Sunday, April 10, 2022

How To Save A Life

https://drive.google.com/uc?export=view&id=1rFA1QXD4T2_tZh00LkIEOXViiv4Nf7vf

“Mama. You can go home and rest easy now. He is in good hands and he’s not going anywhere. Your shift is done. We have him.”


After one of the worst months of my entire life, I found myself on a red-eye last Saturday.

My oldest son has been homeless for over a year. And three weeks ago he called me and told me he was going to kill himself.

And then he went radio silent.

I knew that he had been robbed many times and I knew that it was a distinct possibility that his phone had been stolen, but I also knew that these couldn’t be the last words I heard from him.

So I took the week off, made all the plans for childcare (because my husband can’t take time off work right now #bluelinefamily), printed out everything my boys needed, went on an extra grocery shopping trip for easy-to-make food, and took a red eye with my daughter to find my oldest son in a homeless camp 3500 miles away.

The only thing I had to go on was a Wendy’s that I bought him food at regularly, that, and a hundred prayers.

I had told my pastor before I left that I wasn’t sure what to do and he connected me with a pastor in a church in the next city.

So armed with prayer, I left. Not having any idea what I would find.

We got there at 6am. We got settled in. We slept a bit. Then we went to sit at the Wendy’s and wait.

And he came.

Dressed in holy pj bottoms and a woman’s sweater, he looked terrible, but he didn’t run. He just hugged me and cried.

I was right. His phone was stolen. Along with absolutely everything he owned.

So.

First things first, dignity and communication.

We got him clothes, shoes, and a few simple supplies to shower with. We had him put them on as soon as we bought them.

He came out and looked human.

Dignity is absolutely invaluable.

Then communication. Next stop was Best Buy to purchase a phone and some prepaid Mint Mobile cards. (They are the best value, and the easiest to use.)

And now I had checked off all of the boxes I had for the trip. On day two.

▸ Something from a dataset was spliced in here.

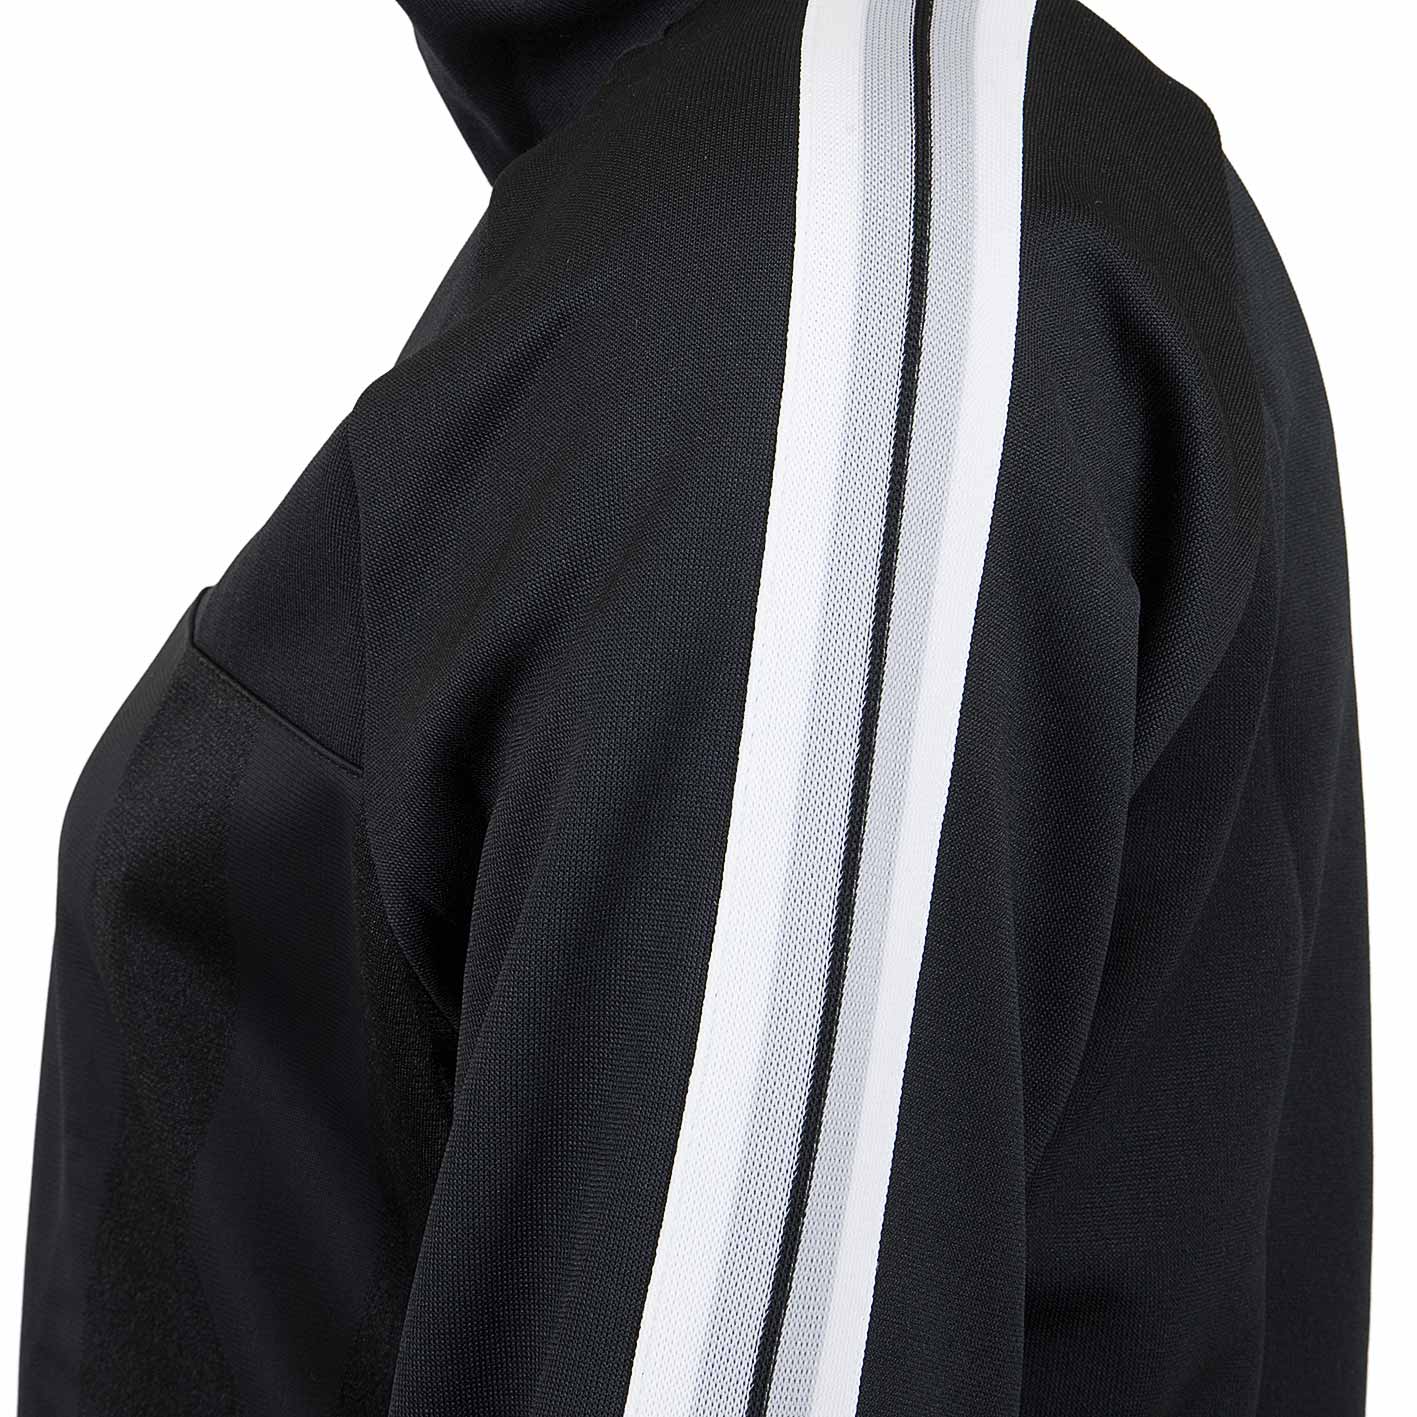 ☆ Nike Damen Trainingsjacke Shadow Stripe HZ schwarz/weiß - hier bestellen!
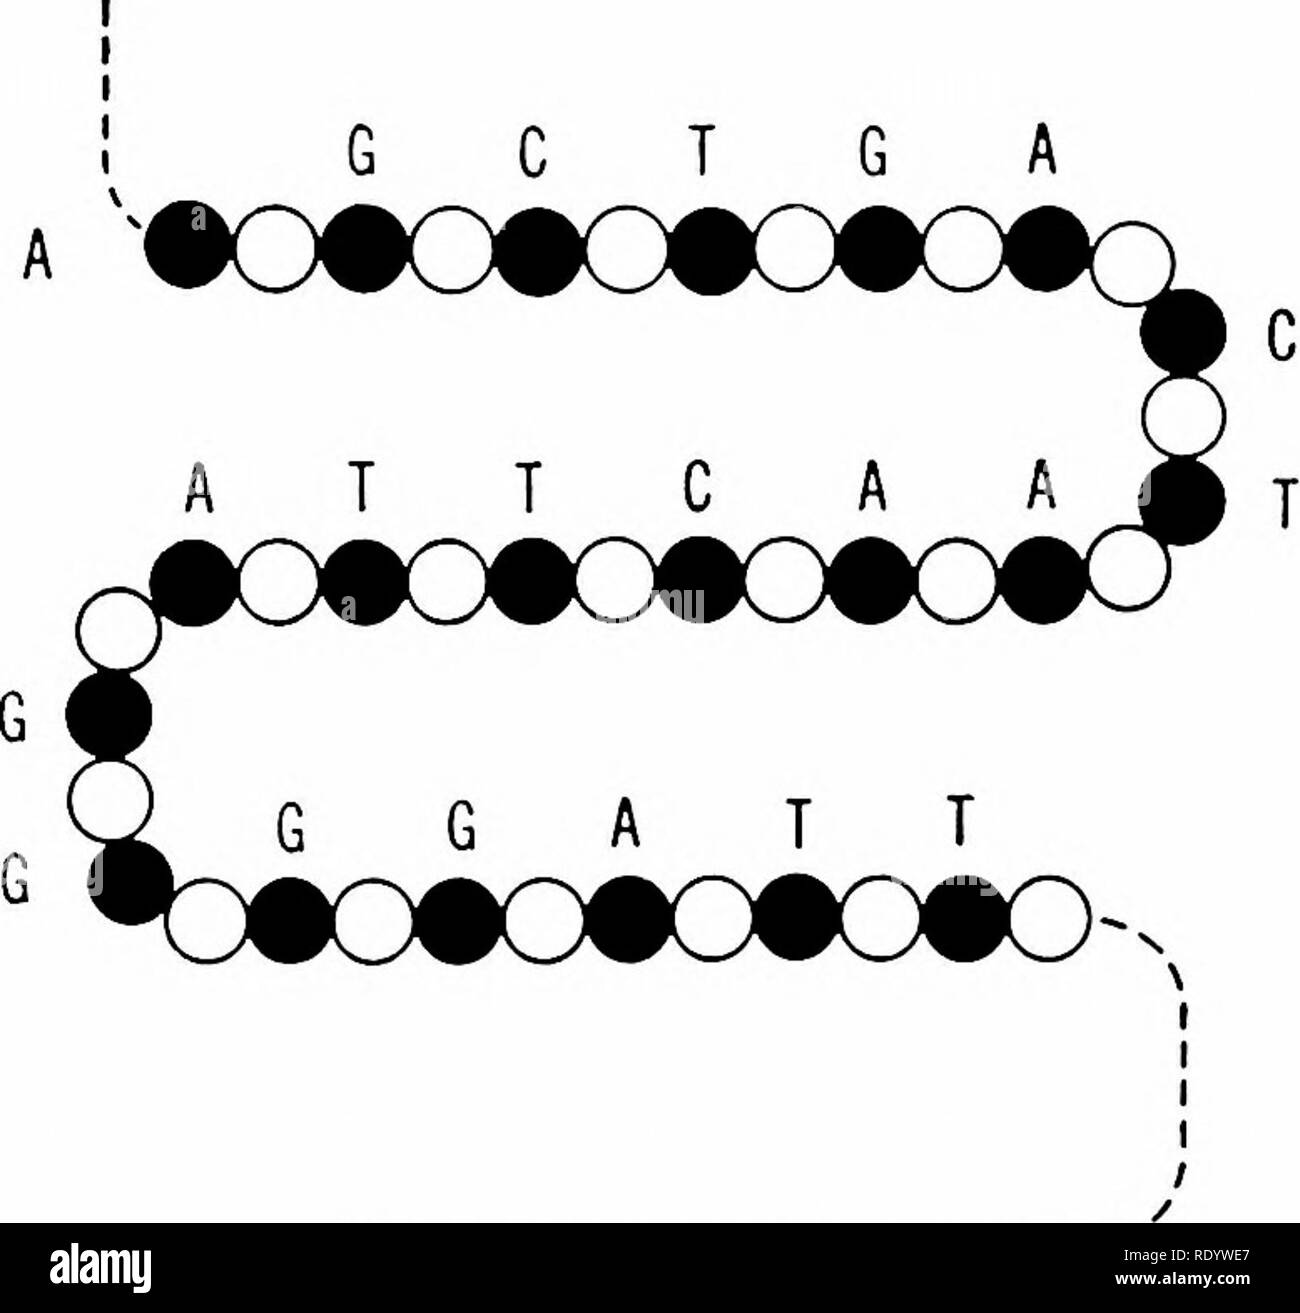 . Principes de la biologie moderne. La biologie. 90 - La cellule G C T G A. Fig. 4-20. La structure moléculaire d'un seul brin d'acide nucléique (ADN). Cercles noirs  = sucre (deoxyri- bose) ; Cercles blancs  = ; un phosphate, l'adénine ; C, cyto- sine ; G, la guanine, la thymine, et T (Fig. 4-19). La chaîne, lorsque rompu, soit les rendements des nucléotides (sucre-phosphate- Unités de base) ou nucléosides (sucre légèrement plus petit- Unités de base, dépourvu de phosphate). Dans la cellule vivante les différents composés peuvent être unis dans de plus grands complexes : pro- sels avec protéines, glucides, lipides et stéroïdes ; avec d'autres glucides lipides ; w Banque D'Images

If only I had had some idea of what God had in store. Because, my friends, God works in mysterious ways.

No.

God works.

https://drive.google.com/uc?export=view&id=1AOadVE7GO8rBvLoJR5NapfwLbu8AcVNj

The next day I went to visit the pastor.

He just wanted to connect.

And after all, my son was still homeless… dignity only takes you so far.

My ‘loaves and fishes’ moments were just beginning.

Although we gave him dignity and communication (and my daughter bought him a used bike so he had transportation, too) he would be in a very similar spot when we left there and flew home.

I was just hoping for a few resources that he could lean on to help ease his way.

I met with the pastor for 20 minutes. In that amount of time he set me up with a woman who’s son had been in a similar situation and ended up dying of a drug overdose 4 years ago in May.

To say this woman had a thumb on this part of the population is a gross understatement.

She asked the right questions, had intimate knowledge of the area and the population I found my son in, a no-bullshit attitude, and a huge heart for him as well as the things I had gone through. “Does he have insurance?” “Yes. But only for 4 more months”. “Well we should use those wisely then.”

She had a room in a private rehab facility for him within hours.

The speed of it made my head spin.

She was an absolute force to be reckoned with and she had friends.

Then he failed intake.

He “didn’t need help”. He “was fine”. He “Wasn’t a danger to himself”.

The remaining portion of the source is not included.